DATASET ENTRIES ->
----------

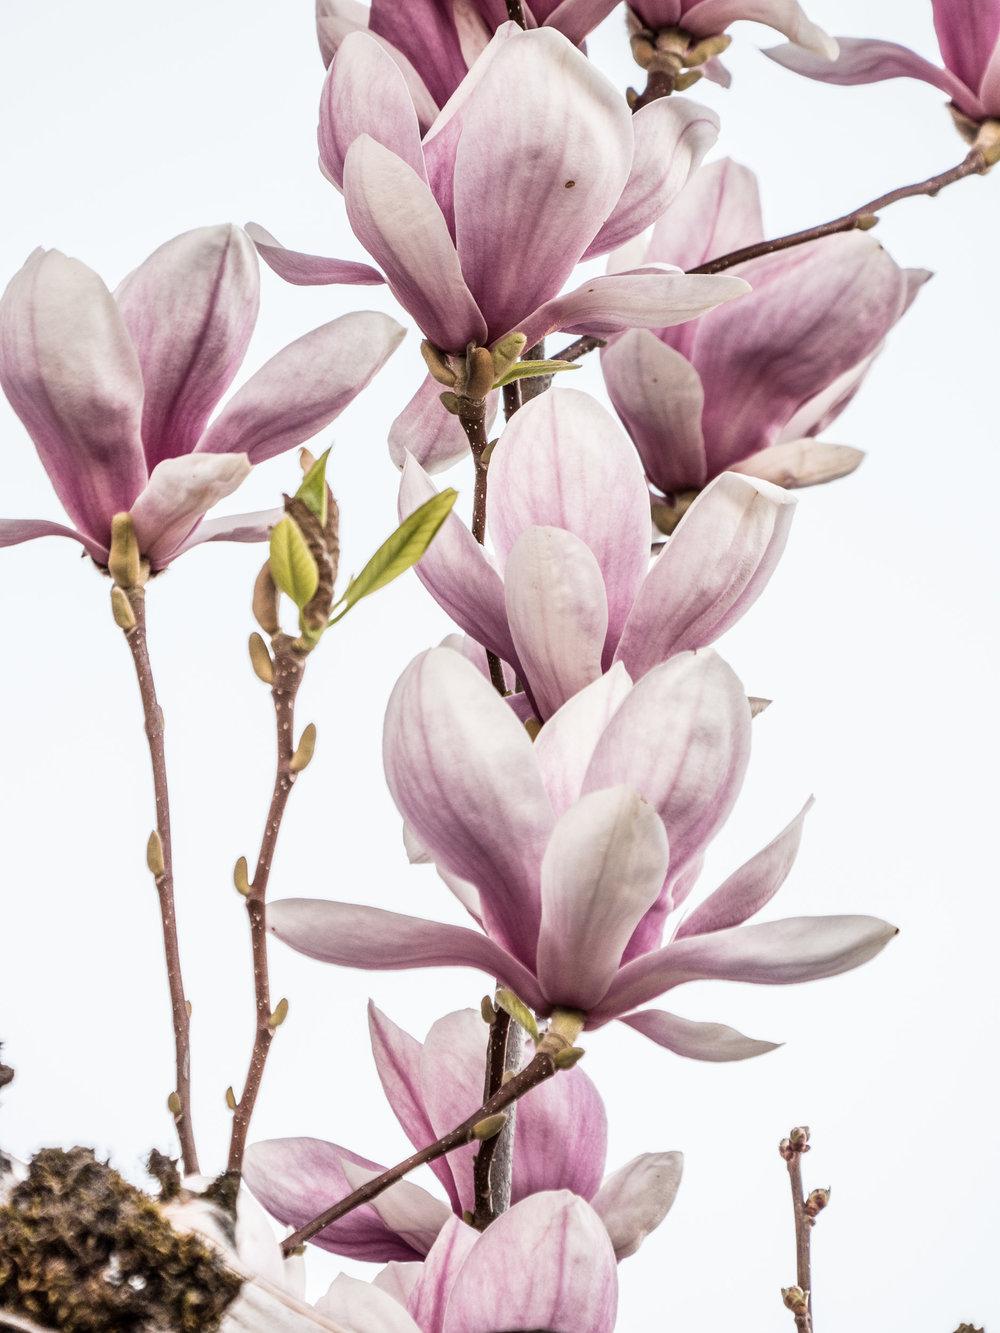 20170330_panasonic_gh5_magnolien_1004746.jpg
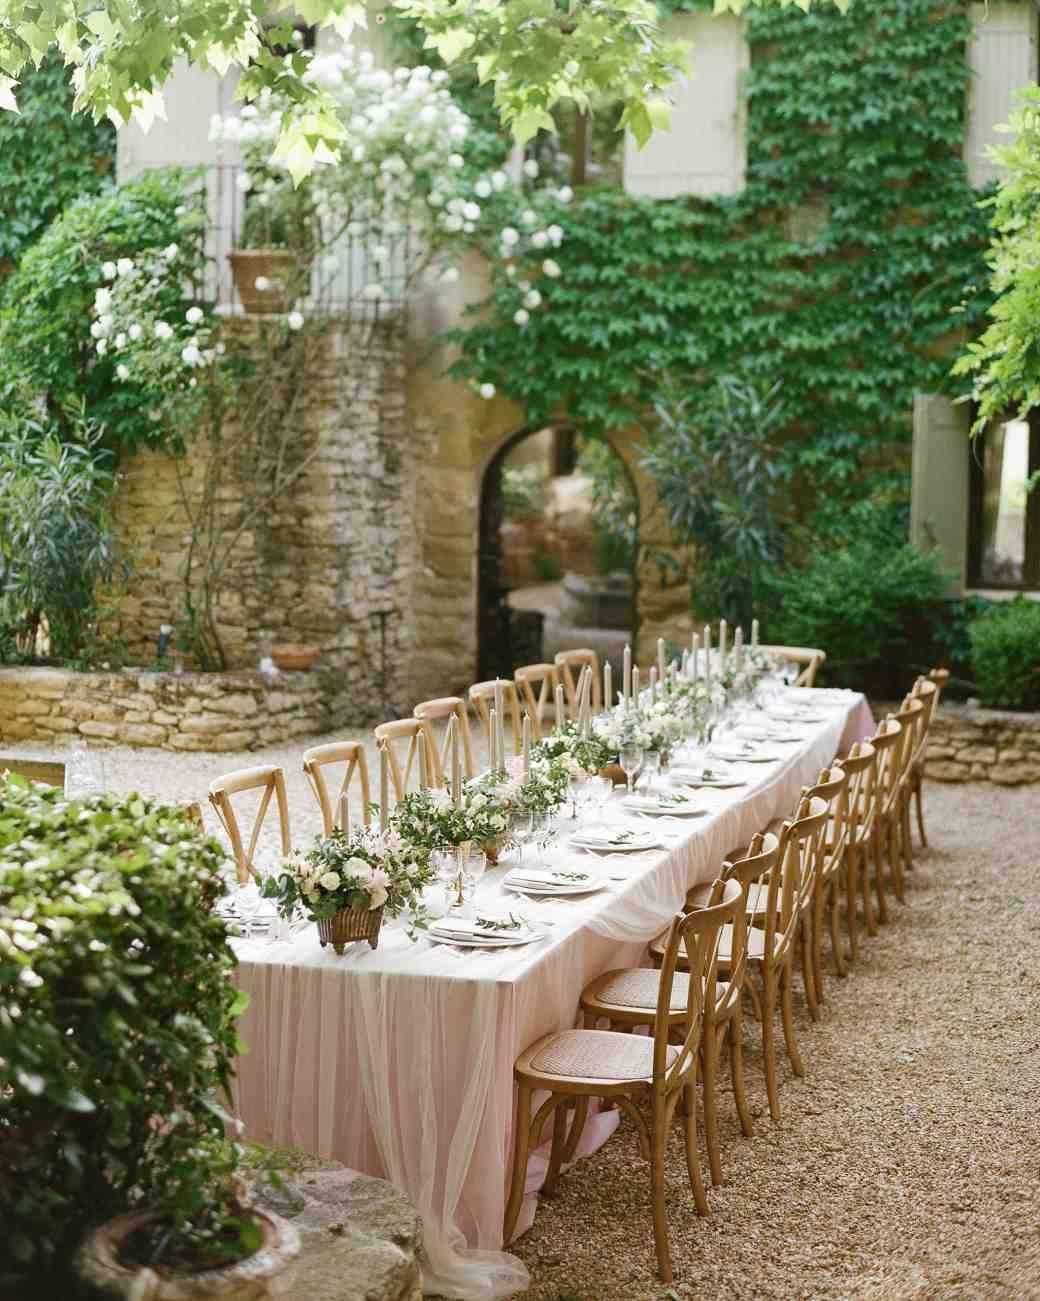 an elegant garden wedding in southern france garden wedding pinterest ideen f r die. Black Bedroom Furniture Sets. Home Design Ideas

----------

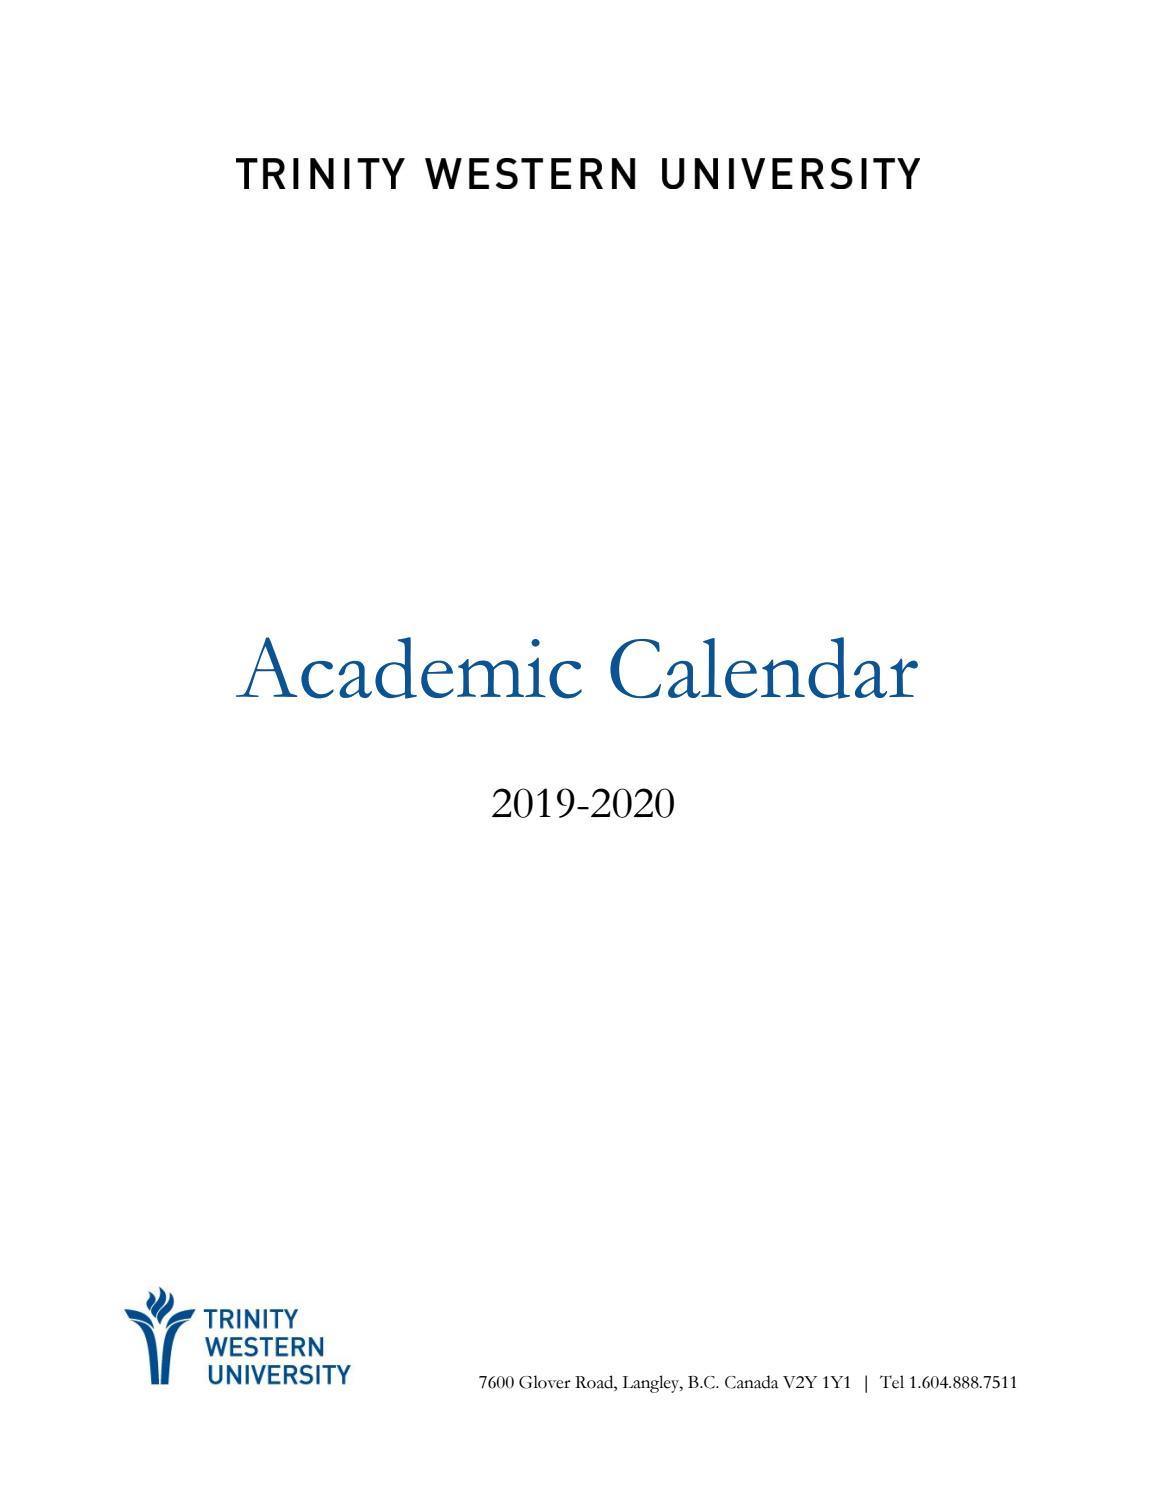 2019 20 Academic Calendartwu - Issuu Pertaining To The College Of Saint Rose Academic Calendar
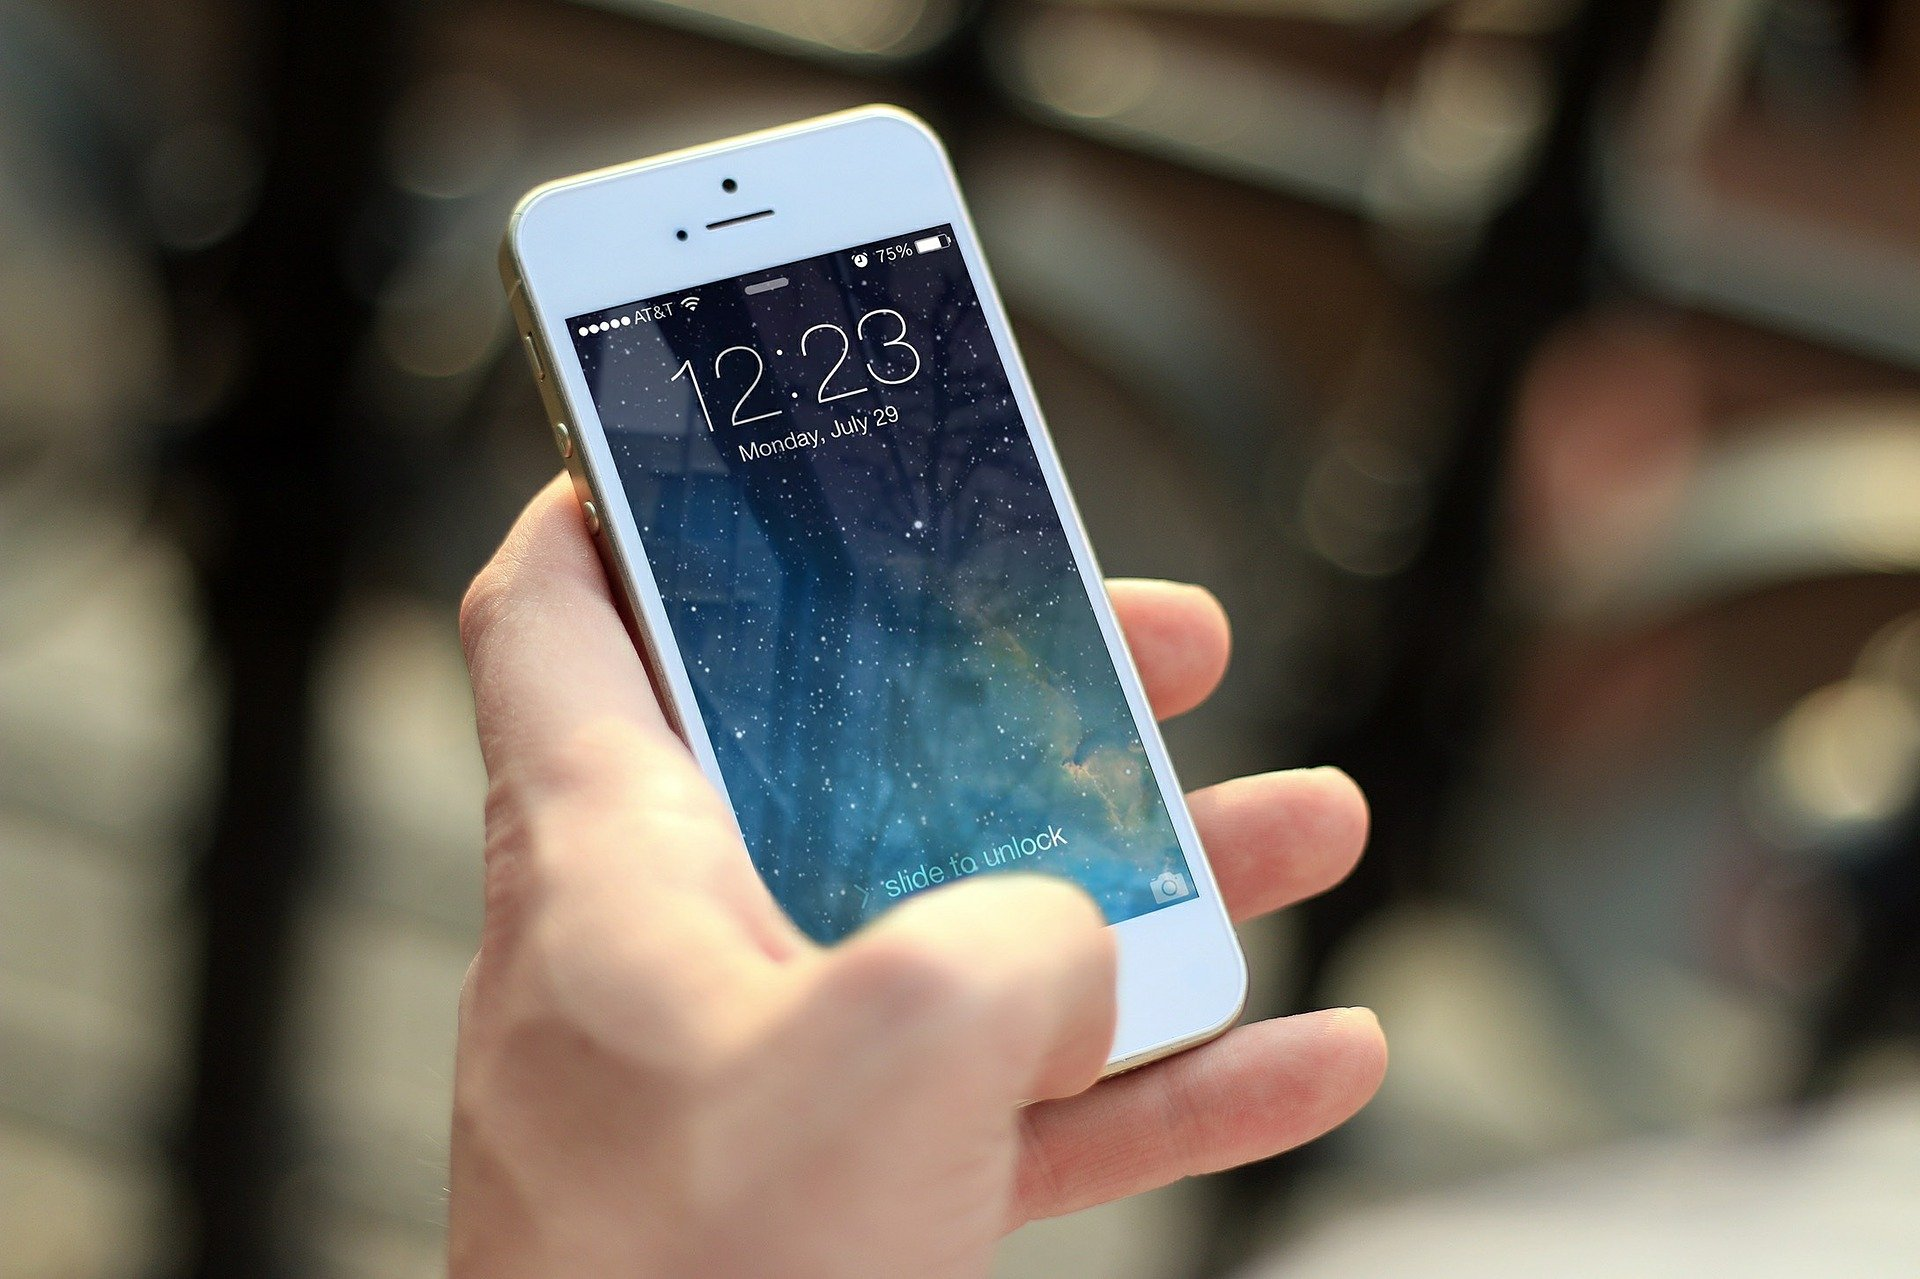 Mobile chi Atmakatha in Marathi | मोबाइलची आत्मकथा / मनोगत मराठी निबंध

----------

Only one stretch of the listing is wanted: the lines starting at the one with "2019 20 Academic" and ending at the one with "Mobile chi Atmakatha", copied exactly and free of pictures.

 2019 20 Academic Calendartwu - Issuu Pertaining To The College Of Saint Rose Academic Calendar
 Mobile chi Atmakatha in Marathi | मोबाइलची आत्मकथा / मनोगत मराठी निबंध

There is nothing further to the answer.